Roubini’nin, dünya iktisadı için “Kaçınılmaz Çöküş” öngörüsü

FreeDoom

New member
Yazar – Alessandro Albano

Investing.com – Tanınmış bir ekonomist olan ve hala New York Üniversitesi Stern School of Business’ta iktisat profesörü olarak nazaranv yapan Nouriel Roubini, global iktisat ve finans piyasalarının durumuna ait karamsar iddialarıyla bilinir. Lakin Project Syndicate’teki bu yazısı daha da ileri giderek “Kaçınılmaz Çöküş”, yani globalleşmiş dünyanın birkaç ay ortasında karşılaşacağı ve merkez bankalarının bile karşı koyamayacağı kaçınılmaz çöküş başlığını taşıyor.

“seneler süren çok genişlemeci maliye, para ve kredi siyasetleri ve büyük negatif arz şoklarının başlamasının akabinde stagflasyonist baskılar, artık devasa bir kamu ve özel bölüm borç dağını sıkıştırıyor.” diye yazan ekonomist, “Tüm ekonomik krizlerin anası yaklaşıyor ve siyasetçilerin bu mevzuda yapabileceği pek bir şey olmayacak.” ihtarında bulunuyor.

Roubini bu görüşünü savunmak için “şaşırtıcı” olarak nitelendirdiği borç bilgilerine dikkat çekiyor. Roubini şu biçimde diyor:

“Küresel olarak toplam özel ve kamu bölümü borcunun GSYİH’ye oranı, 1999’da %200 iken 2021’de %350’ye yükseldi. Bu oran şu anda gelişmiş ekonomilerde %420, Çin’de ise %330’dur. Amerika Birleşik Devletleri’nde ise bu %420 ile Büyük Buhran devrinde ve İkinci Dünya Savaşı daha sonrasında görülenden daha yüksek.”

Makaleye nazaran bu çok borçlanma uzun vakittir devam ediyor ve düşük faizler, 2008 krizi ve COVID-19’la geçen iki yıl boyunca “hanehalkları, şirketler, bankalar, gölge bankalar, hükümetler ve hatta tüm ülkeler” üzere “iflas etmiş zombileri” ayakta tuttu.

Ancak artık birebir çok genişlemeci maliye, para ve kredi siyasetleri tarafınca alevlenen enflasyon, Roubini’nin açıkça yazdığı üzere bu finansal “Ölülerin Şafağı’nı” bitirdi.
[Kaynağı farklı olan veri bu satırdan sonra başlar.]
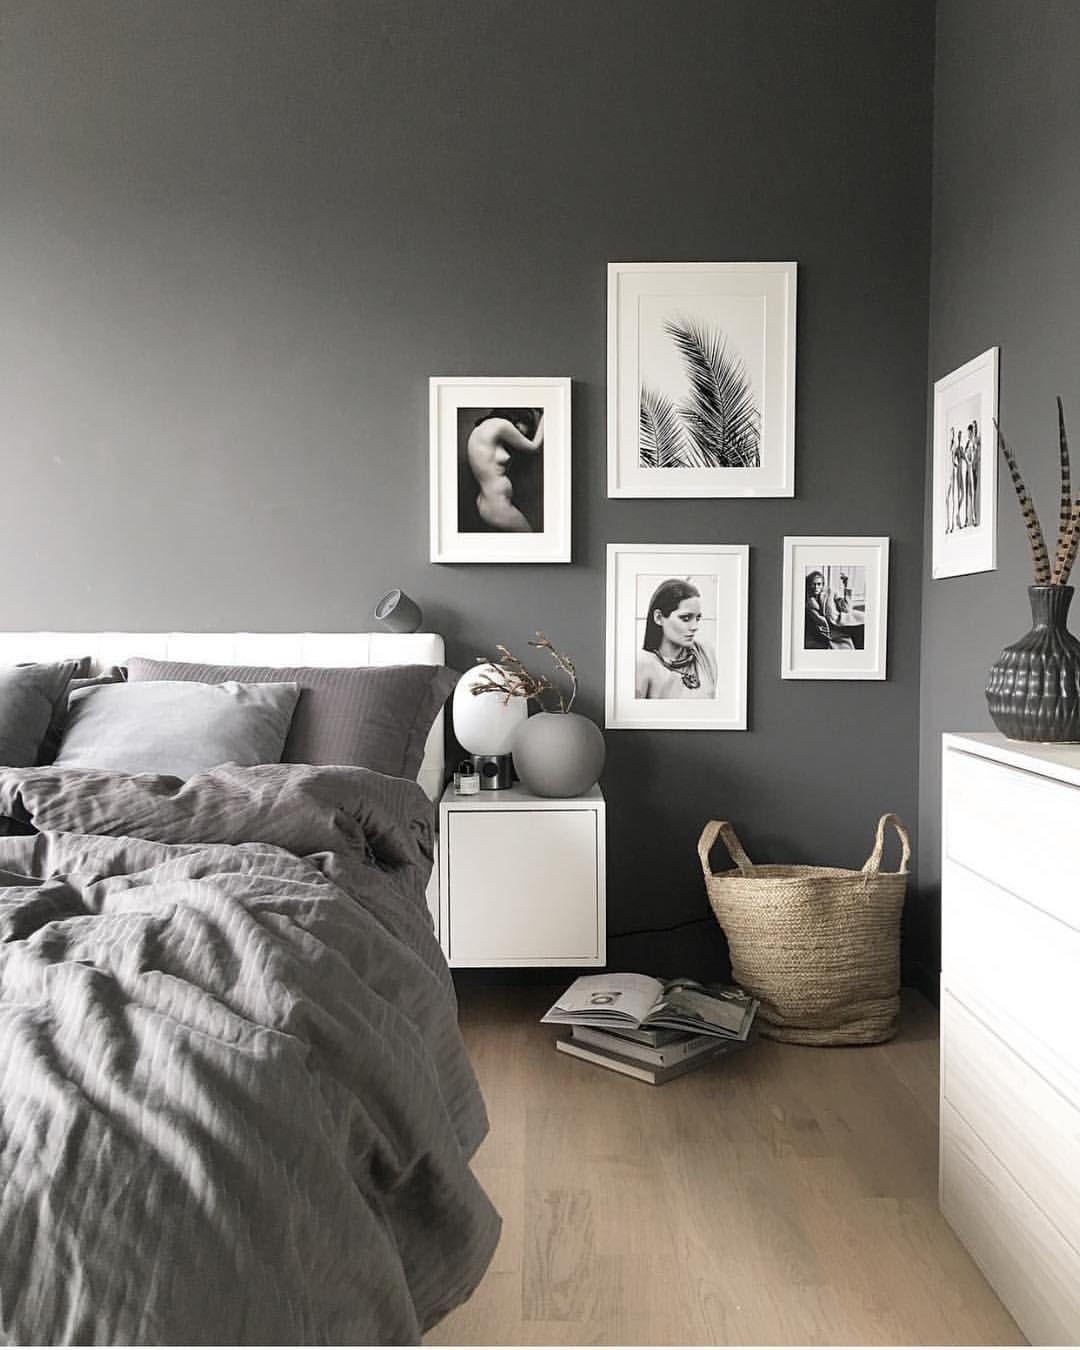 Pin By Kay Abou On Teens Bedroom Diy In 2018 Pinterest Klara Brow Studio 02 Dark 437 Likes 6 Comments Kajastef Instagram Saturday

Merkez bankalarının faiz oranlarını yükseltmek zorunda kalmasıyla, “zombiler borç servisi maliyetlerinde sert artışlar görüyor.”

Enflasyon hem de hanehalkının gerçek gelirini aşındırdığı ve gayrimenkul ve finansal varlıklar üzere varlıklarının pahasını düşürdüğü için bu radikal değişim “üçlü bir darbe” manasına geliyor. “Aynı şey kırılgan ve çok kaldıraçlı şirketler, finans kurumları ve hükümetler için de geçerli: Tıpkı anda önemli biçimde artan borçlanma maliyetleri, düşen gelir ve hasılatlar ve azalan varlık bedelleri ile karşı karşıya.”

Yukarıda bahsedilen krizlerin tersine çok genişlemeci siyasetler, enflasyon ateşini daha da alevlendireceği için artık uygulanamaz ve ekonomist, bunun derin ve uzun müddetli bir resesyonun yanı sıra önemli bir mali kriz manasına geldiğine dikkat çekiyor.

Makalede “Varlık balonları patladıkça borç ödeme oranları yükseldikçe ve hanehalkları, şirketler ve hükümetler içinde enflasyona nazaran ayarlanmış gelirler düştükçe ekonomik kriz ve finansal çöküş birbirini besleyecektir.” deniyor.

“Kendi para üniteleriyle borçlanan gelişmiş ekonomiler, uzun vadeli sabit faizli nominal borçlarının gerçek pahasını düşürmek için beklenmedik bir enflasyon dalgasını kullanabilir. Hükümetler açıklarını azaltmak için vergileri artırmaya ya da harcamaları kısmaya isteksiz olduklarından merkez bankası açıklarının parasallaştırılması, bir kere daha en az direnç gösteren yol olarak görülecektir. Lakin herkesi her vakit kandıramazsınız.”

Roubini, Project Syndicate’teki yazısını şu biçimde sonlandırıyor: “Tüm stagflasyonist borç krizlerinin anası ertelenebilir fakat önlenemez.”